Those Amazing Spot Prawns!

Based on my limited math skills, it appears that I have not blogged in close to two months.  Same lame excuses as usual.  Busy at the restaurant, lots of  stuff going on, busy with this, busy with that, blah blah blah.  I know, excuses are crap,  but it is true, I have been crazy busy and have not sat down in front of the computer in ages.  Well, “Jazzy” is currently napping and “Mr. Mom” (that’s me on Mondays) has temporarily got all “his ducks in a row”, so I’ve decided to “snap one off” and  blog about one of my favorite things about BC, the amazing BC spot prawn.

Have you ever had live BC spot prawns?  When I first arrived in BC in 2002, I barely heard of them and only ate them raw in high-end Japanese restaurants.  Well let me tell you, they are fantastic and are only available live for about two month of the year.  You can  enjoy them frozen year round, but nothing compares to the purity of a live spot prawn.  There’s about two weeks left in this year’s spot prawn season, so maybe I can get some of you excited about them and convince you to go try them out.  Spot prawns are known for their sweet, delicate, clean flavor and have a very pleasing, firm texture.  They are recognized by the white spots on their tail and are reddish-brown in color.  Interesting fact, spot prawns are hermaphrodites; for the first two years of their lives they are male and then change to females for the duration of their lives.  I was going to make a joke about “Momo” here , but that would be too easy.  Sorry, back to the spot prawn.  They typically live for four years and all mature prawns have the ability to spawn.  BC spot prawns are Ocean Wise and come from an exceptionally well managed and sustainable fishery.  A local, seasonal, delectable, sustainable delicacy; what more could you ask for?

 

 

 

 

 

 

 

Spot prawn season kicks off with the Chefs Table Society Spot Prawn Festival down at Granville Island.  2011 was their fifth year; every year it keeps on growing and they do an amazing job promoting these amazing prawns.  Seven years ago, no one really knew about spot prawns and the bulk of them were being exported to the Japanese market.  Though the festival is on a Saturday every year, I usually get my first delivery of spot prawns on Thursday or Friday.  I always anticipate my first spot prawns of the season and regardless of what we are doing, when they arrive in the Tapenade kitchen, we all stop our mise en place and enjoy a few of them raw immediately.  We’re a bunch of “food nerds” at heart and always smile and discuss their spot “prawn awesomeness” for the next while and figure out how we’re going to feature them.  The highlight of the 2011 spot prawn season was when the boys from Organic Ocean took me and some of my boys from the Tapenade kitchen brigade out spot prawn fishing.  It’s a big deal for us to see where our ingredients come from and to see the work required to provide us with these perfect specimens.  On our Monday off, “Great Wall”, “Momo” and I got up early and met down at Granville Island and  what a great morning we had out at sea.   No rain, beautiful prawns, awesome fishing stories, I didn’t get sea-sick and a tasty lunch on the water.  Thanks again to Frankie and Steve of Organic Ocean and check out these photos of our spot prawn adventure.
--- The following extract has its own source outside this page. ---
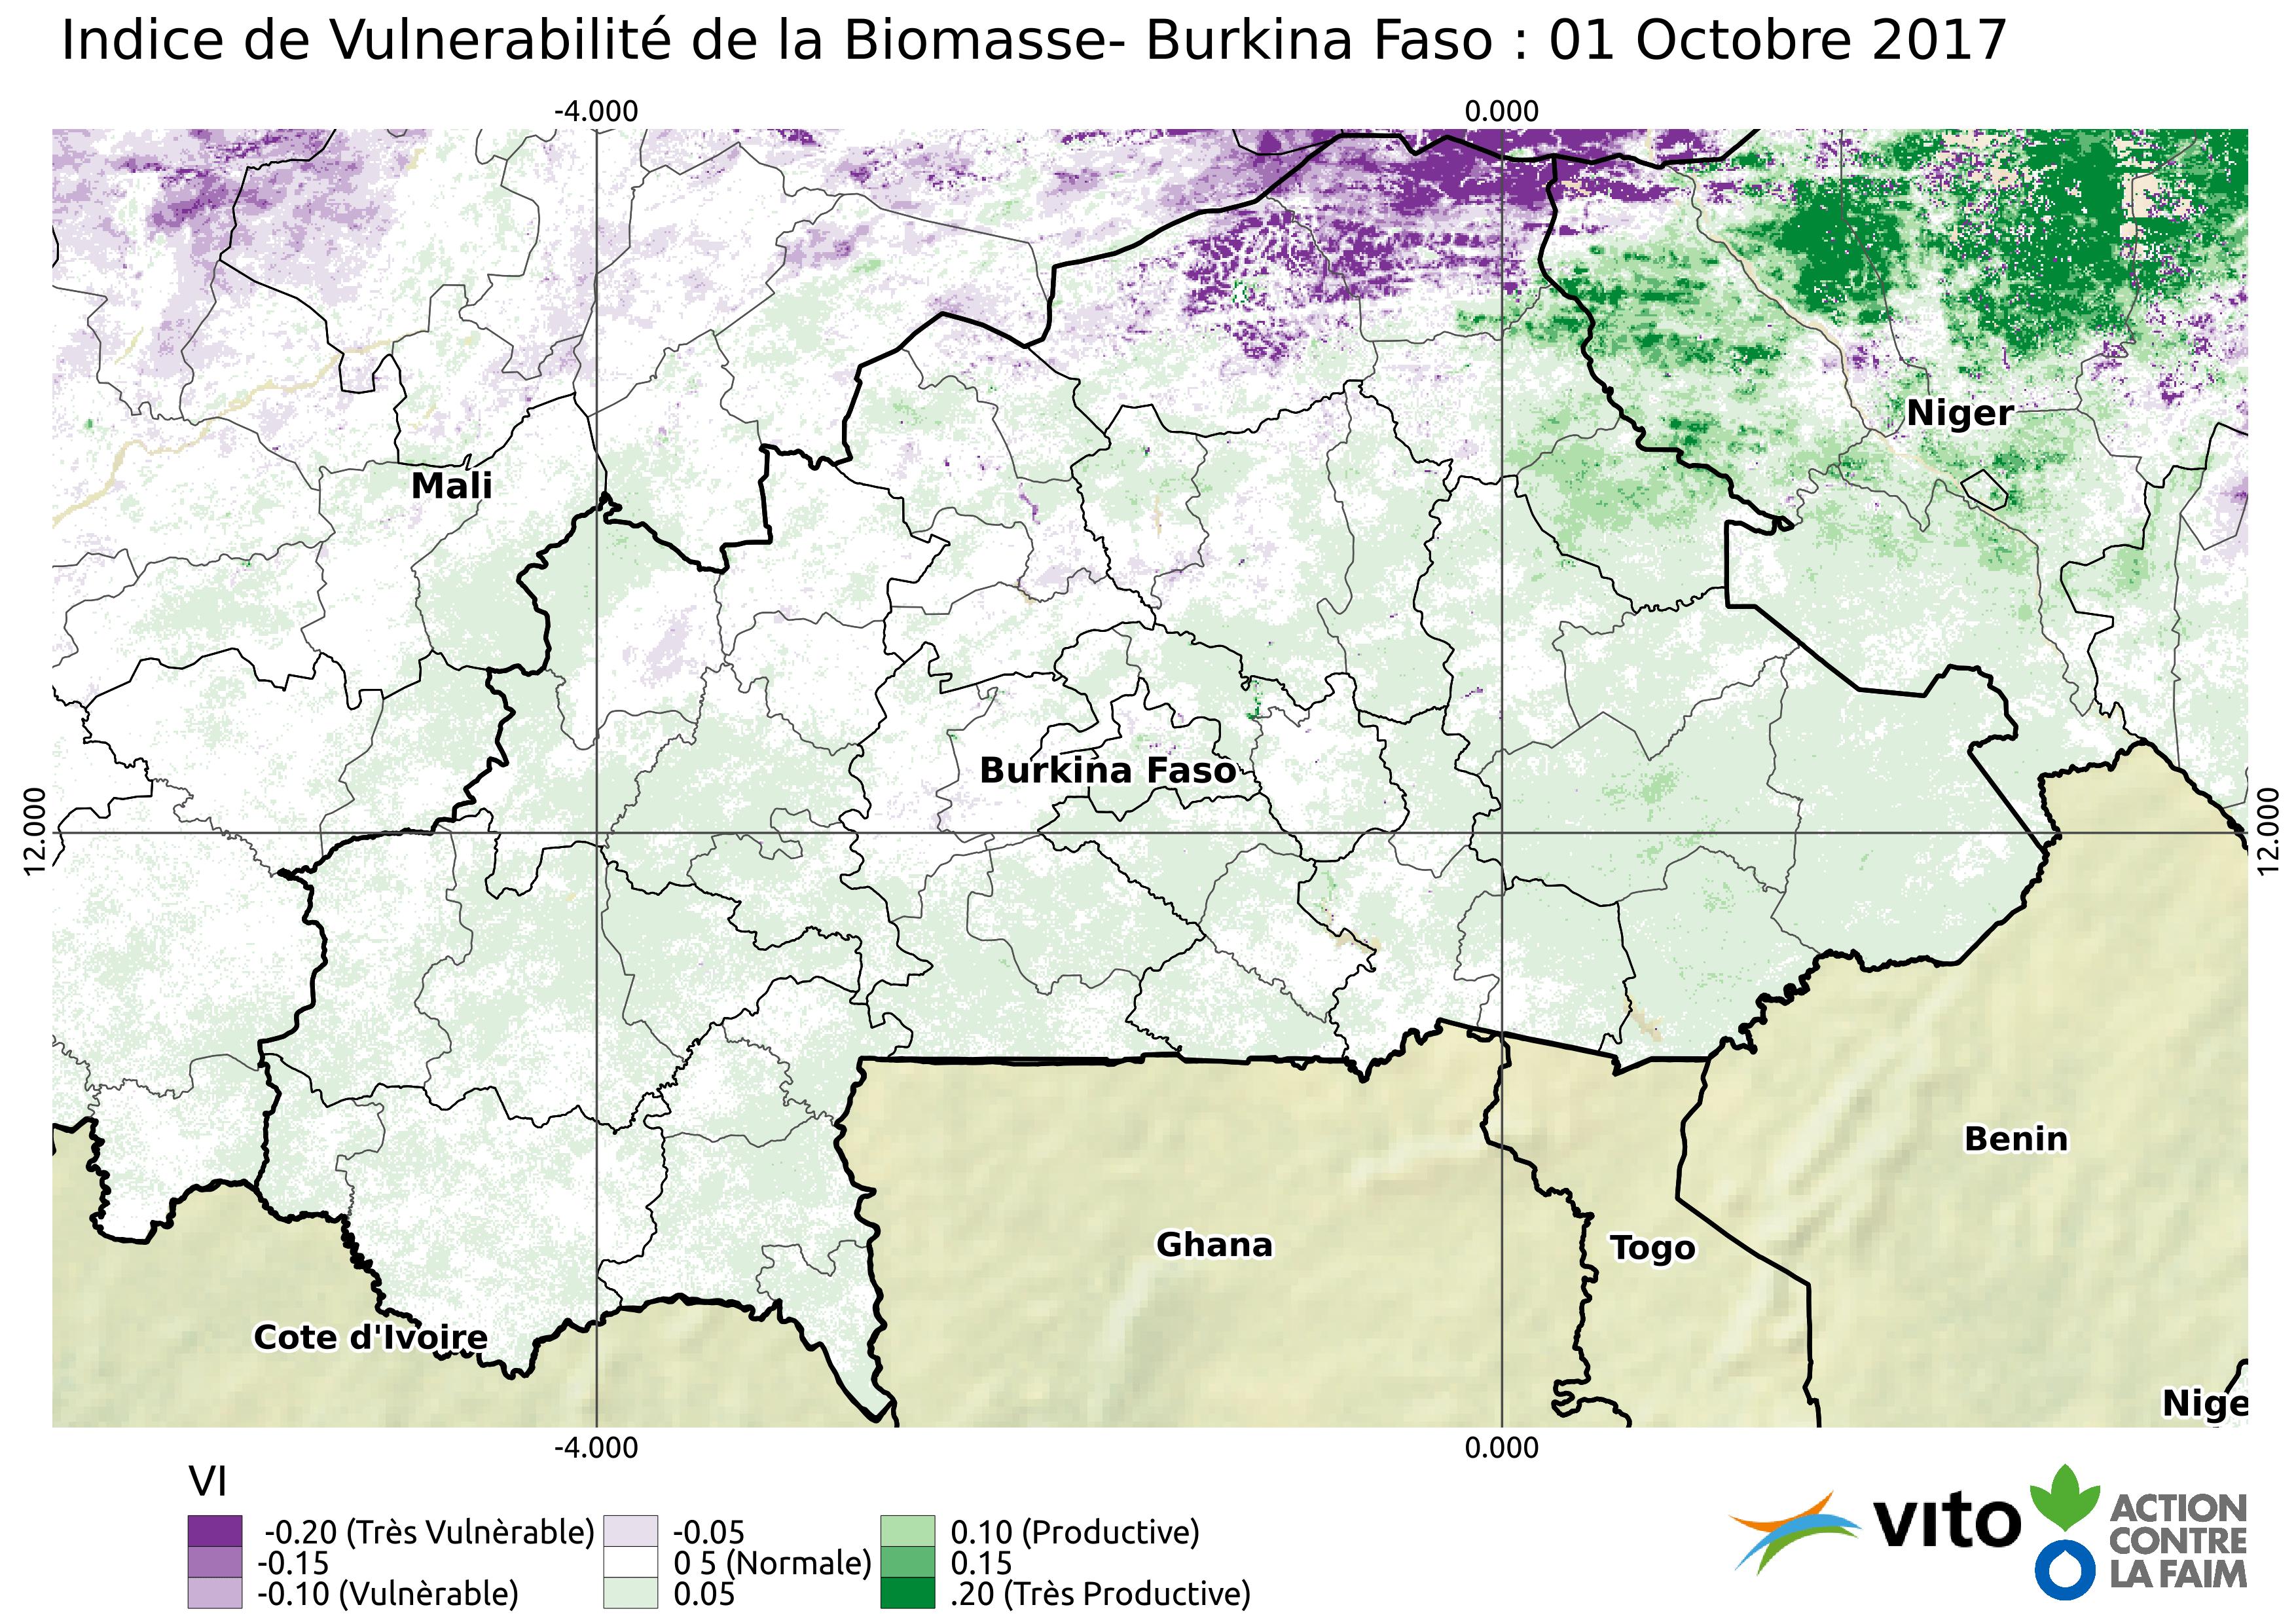 Indice de Vulnerabilité Burkina Faso 2017

Some more spot prawn action.  Through out the spot prawn season, we get a fair bit of media coverage about how we serve them at Tapenade and their sustainability back story.  I’m more than pleased to tell the tale of the spot prawn; a recent highlight was when we had a group of Seattle food bloggers visit us and this is what Ronald Holden of cornichon.org had to say about it.  http://www.cornichon.org/2011/06/spot-that-prawn.html

Also, a couple of weeks back, Chris Stanley of the Richmond Reel came by Tapenade and shot this short video about how we serve spot prawns at the Tapenade.  It was a sunny, fun afternoon of tasty spot prawns, good wine and a couple of cameras.

Listen to me, go try some spot prawns!  The season is almost over and you won’t get another chance till May of 2012.  Go visit Frankie and Steve down at the Granville Island Fisherman’s Wharf and pick up some live prawns to cook at home or come by Tapenade Bistro where I will be featuring them until the end of the season.   Spot prawns are awesome and you really need to go experience them.  Now, if only I could get people this excited about our upcoming sardine season.